Yolande Brouillard, Lynda Bruce, Ako Millette, Kylie Sandford et Jacques Lajeunesse (absent sur la photo) exposent au Musée Bruck sur le thème de la lumière.

La lumière en vedette dans une nouvelle expo au Musée Bruck

La lumière, en cette saison grise et pluvieuse, est plus que bienvenue. La nouvelle exposition présentée au Musée Bruck de Cowansville répond bien à ce besoin d’illuminer le regard. Quatre artistes peintres et le poète Ako Millette exposent conjointement.

M. Millette et les peintres Yolande Brouillard, la conjointe du poète, Kylie Sandford et Lynda Bruce étaient au vernissage de Lumières, le thème et titre donné à cette exposition. Seul Jacques Lajeunesse était absent.
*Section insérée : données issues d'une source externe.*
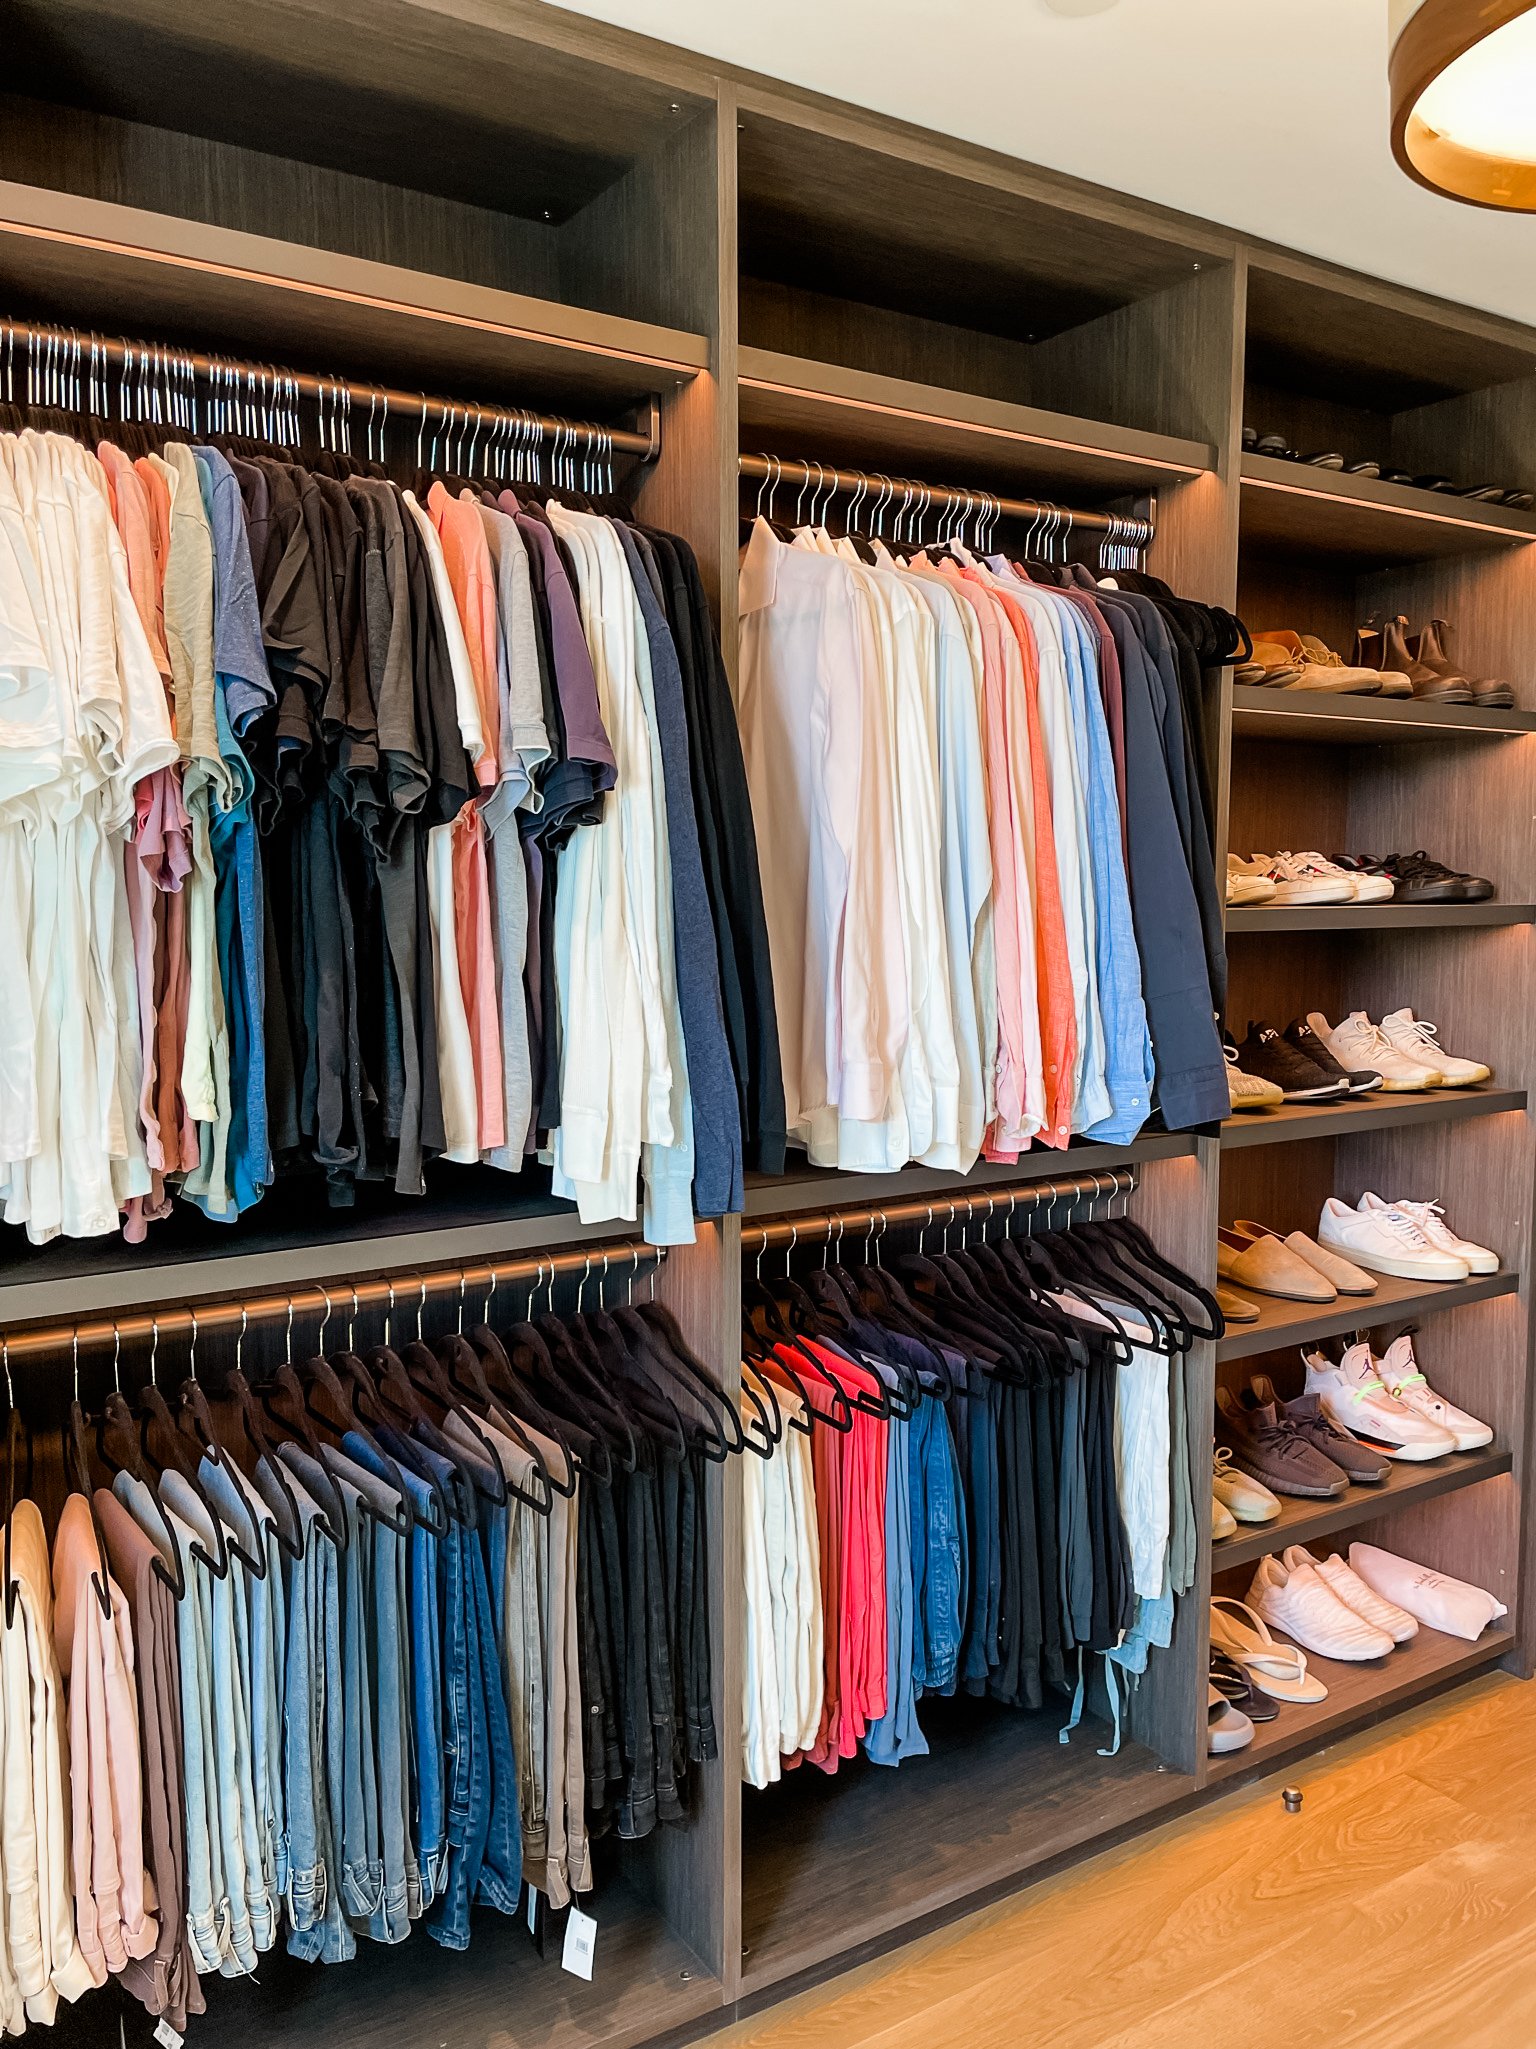 How to Better Organize Your Closet - Tips From a Professional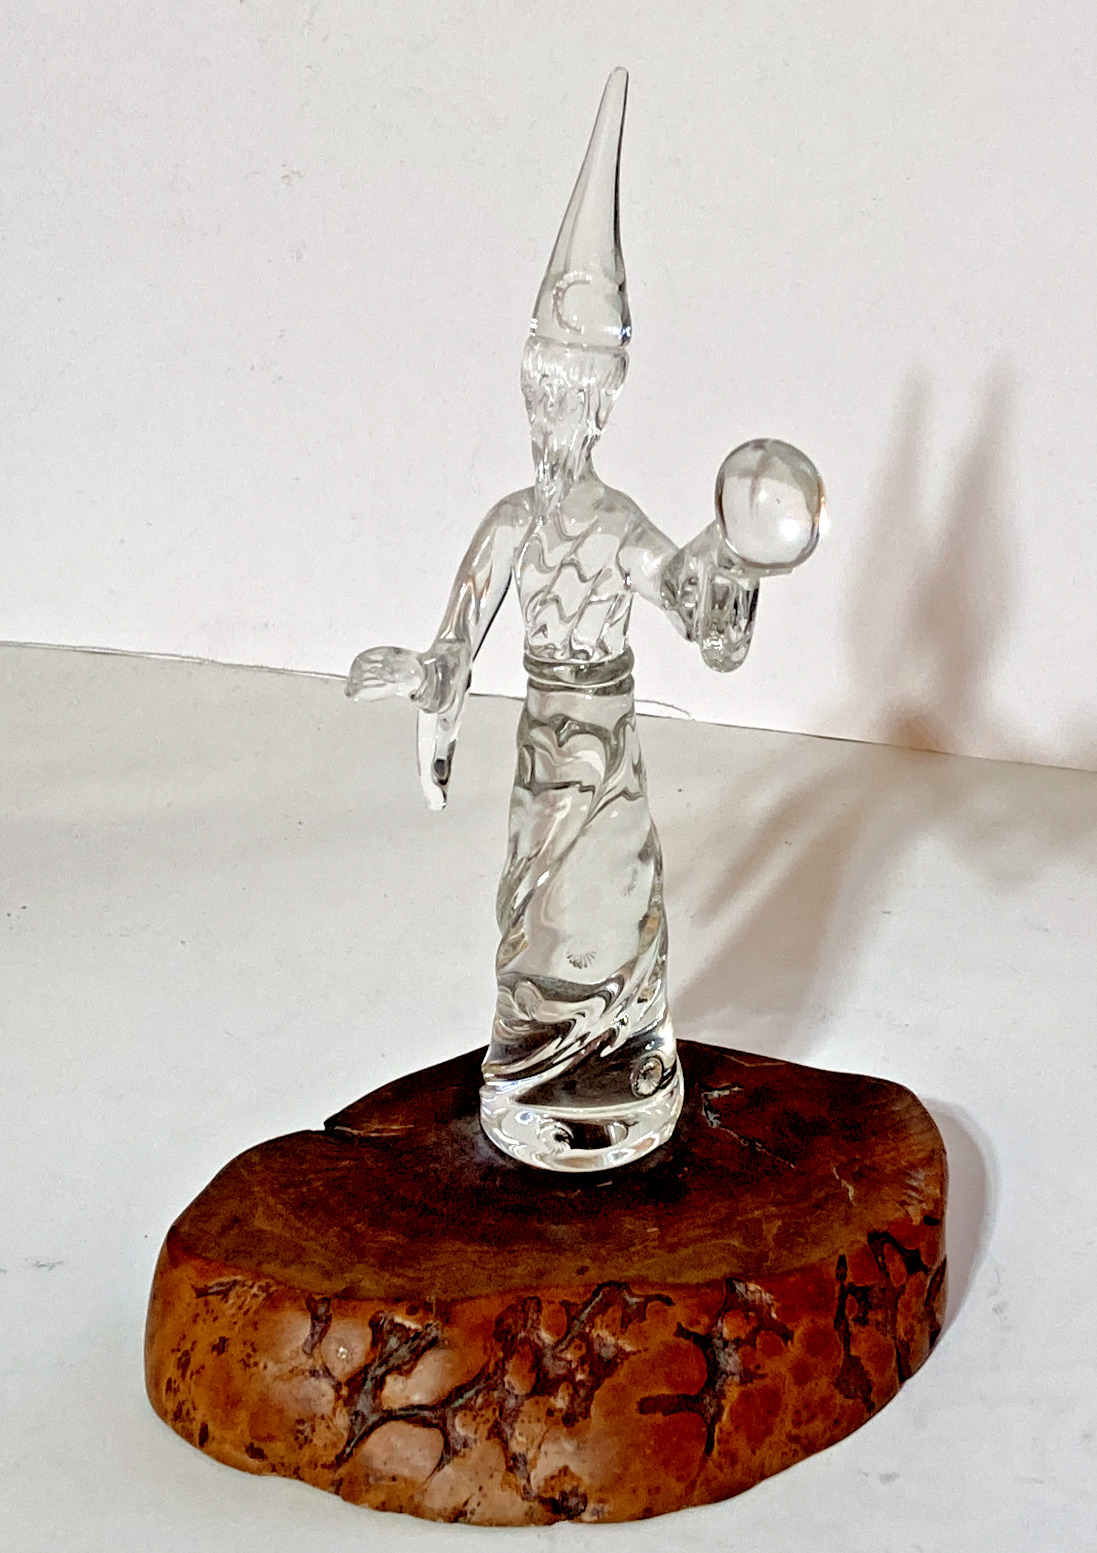 Hand-blown glass Wizard/Merlin Figurine Vintage '90s -- 9 inches tall

Chacun a utilisé la thématique imposée à sa façon. « Je travaille toujours la lumière par le fond, explique Mme Brouillard. Je travaille par couches superposées. Je mets de la peinture, j’en enlève et il y a toujours quelque chose du fond qui réapparaît. Ce n’est pas de la lumière que j’ajoute par-dessus. Je dois faire très attention à mes ombres. »

L’eau est omniprésente dans les œuvres de Mme Brouillard. Sa technique lui permet d’aller chercher une certaine transparence. « J’aime plus travailler l’atmosphère que le rendu parfait. »

Son conjoint Aki Millette propose quant à lui quatre poèmes qui résultent de plusieurs heures de labeur. « J’ai essayé de représenter ce qu’est la lumière dans nos vies. J’écris tout ce qui me passe par la tête. Une fois que j’ai tout écrit, j’élague et je tourne ça en poésie. Ça ne vient pas tout de suite sous forme de poèmes. La deuxième étape, une fois que le poème est écrit, c’est de déterminer comment le présenter. J’essaie de demeurer dans le thème et de trouver des façons originales. »

Deux de ses poèmes sont imprimés sur des parchemins tendus entre deux morceaux de bois. Un troisième est imprimé sur un cylindre blanc percé de trous laissant passer de la lumière. Le dernier prend la forme d’une sculpture.

Le poète a l’habitude de travailler de concert avec les arts visuels. À chaque exposition lancée par sa conjointe, il crée un poème. Puis, cet été, le couple a présenté La multitude de nos silences, une conversation entre tableaux et poésie.

La lumière en nature

Kylie Sandford s’intéresse quant à elle à la lumière qui jaillit de la nature et se base sur ses photographies pour peindre. Un grand format représente d’ailleurs très bien les éclats de lumière sur la neige en forêt.

« Je marche en forêt et je prends des photos. Ces images-là, souligne-t-elle alors qu’elle montre de plus petits formats, montrent de drôles de reflets, mais c’est en fait le pare-brise. La façon dont je rejoins le thème, c’est que la vie est vraiment chaotique, très occupée. Quand j’entre en nature, c’est là où je peux me calmer, où je me sens bien, où je me recentre. C’est souvent à cause de la lumière, les ombrages. »

Elle utilise la technique traditionnelle de la peinture à l’huile, en superposant des couches de couleurs transparentes, ce qui permet de voir la lumière par le fonds de la toile.

Dans une autre pièce du Musée Bruck sont exposés les tableaux de Lynda Bruce et de Jacques Lajeunesse. « Mon sujet est la rivière, indique Mme Bruce. Ça fait six ans que j’explore la rivière en canot avec une amie à travers les saisons et les moments de la journée. J’ai une série de tableaux qui sortent de ça et, l’eau, c’est comme la lumière. Il y a une transparence et une fluidité. »

L’exposition Lumières est présentée jusqu’au 21 décembre.